Mais on n’est pas obligé de rattacher ce qu’on lit à la vie de l’auteur, bien que le livre soit purgé apparemment de toute fiction (mais les souvenirs ne tissent-ils pas leurs propres fictions ?). Les phrases suffisent à nous conduire au cœur d’une nostalgie qui fera écho aux nôtres, puisqu’elles ne cessent, ces phrases, de tisser le lien entre un monde disparu qui fut aussi le nôtre et celui d’aujourd’hui. Ainsi du monument aux morts de la gare, hommage rendu aux gamins qui moururent à Verdun et moururent encore entre 40 et 45, hommage supprimé pour « le mini-Carrefour City qu’ils ont installé en lieu et place du monument ».

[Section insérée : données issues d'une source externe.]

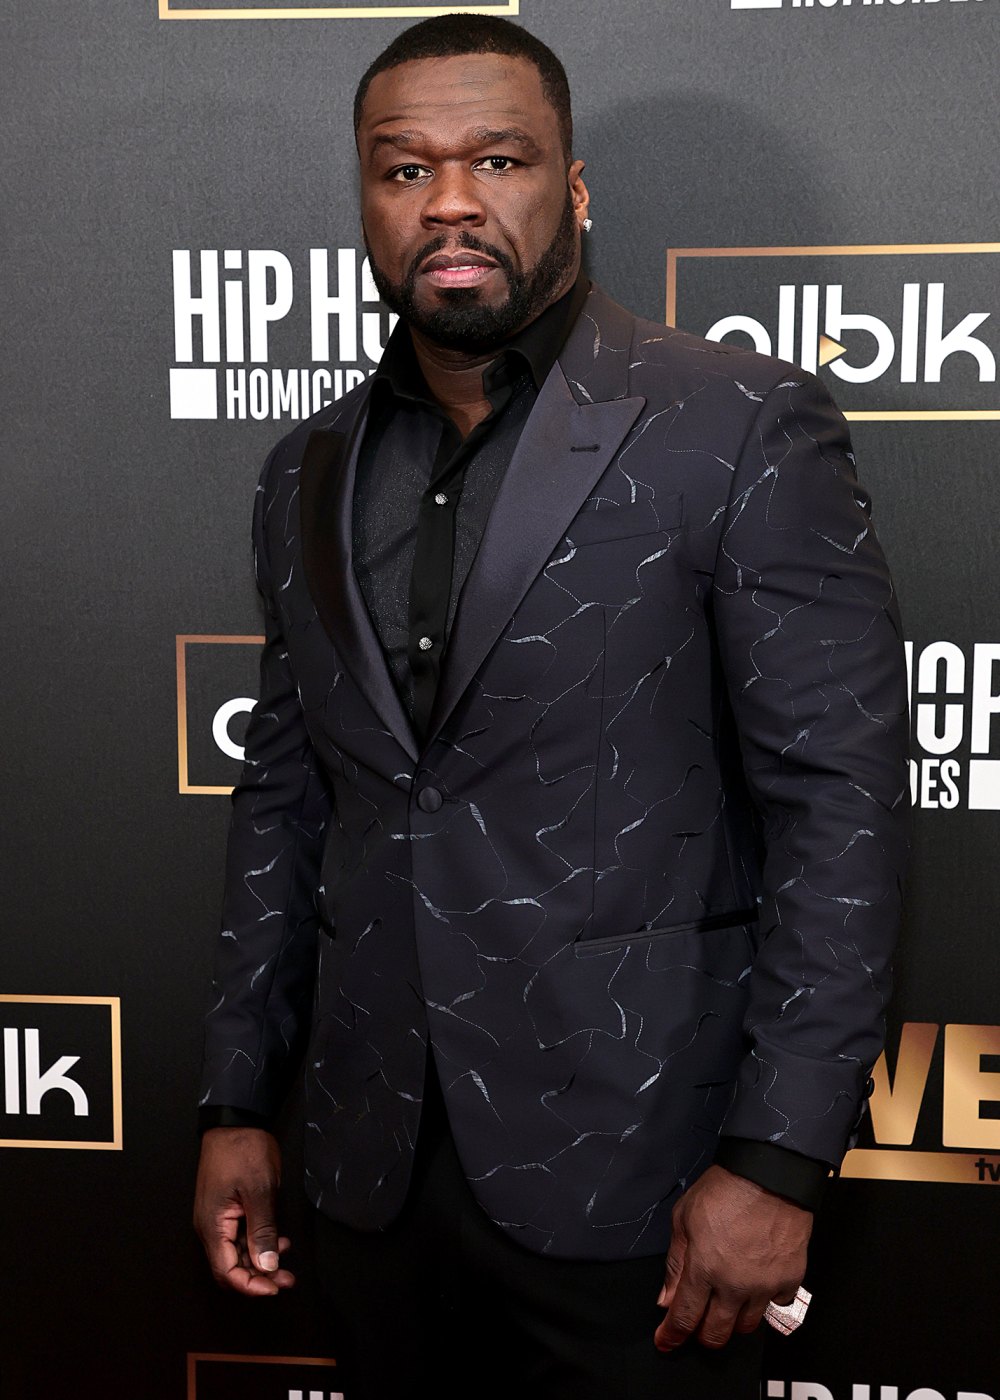 50 Cent Mocks His Own Movie Poster From 'Expendables 4': 'Did We Run Out of Money?'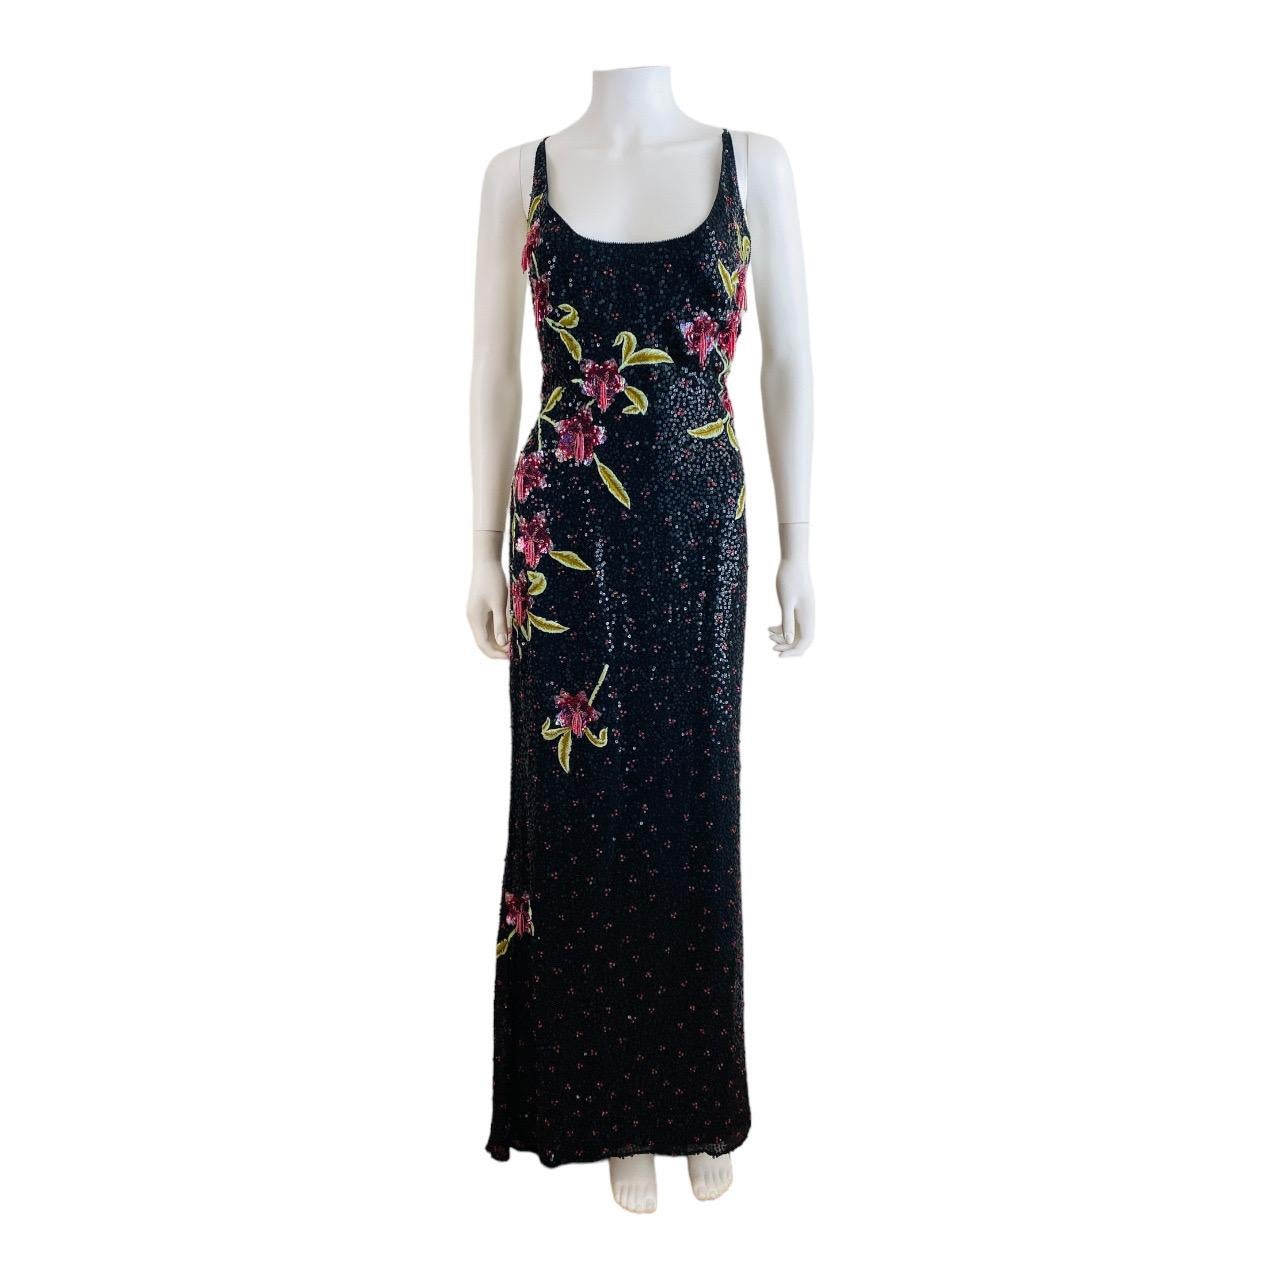 Stunning 2002 Escada dress gown (shown pinned in front picture)
Black silk fabric covered in hand beaded mini black sequins w/embroidered leaves + sequin + beaded flowers throughout
Thin shoulder straps
Scooped neckline
Fitted style
Column style

Le livre avance par fragments, morceaux de mémoire arrachés au temps, grâce auxquels le narrateur se revoit gamin confondre le bureau des enfants trouvés avec celui des objets du même nom. Enfants, objets, même chose qu’on trimballe et qu’on perd, comme lors de cette scène dont il est le témoin : un gamin noir « suivait sa mère entre les jambes des banlieusards ; à un moment j’ai regardé vers eux parce qu’en somme c’était assez amusant d’être un petit bonhomme de 5 ou 6 ans avec une jolie chemise boutonnée de bas en haut et des chaussures brillantes, peut-être pas les chaussures les plus solides, mais propres. Et ce n’était sans doute pas évident de devoir guider ce petit bonhomme dans la gare. » On est par la grâce d’une attention compassionnelle très...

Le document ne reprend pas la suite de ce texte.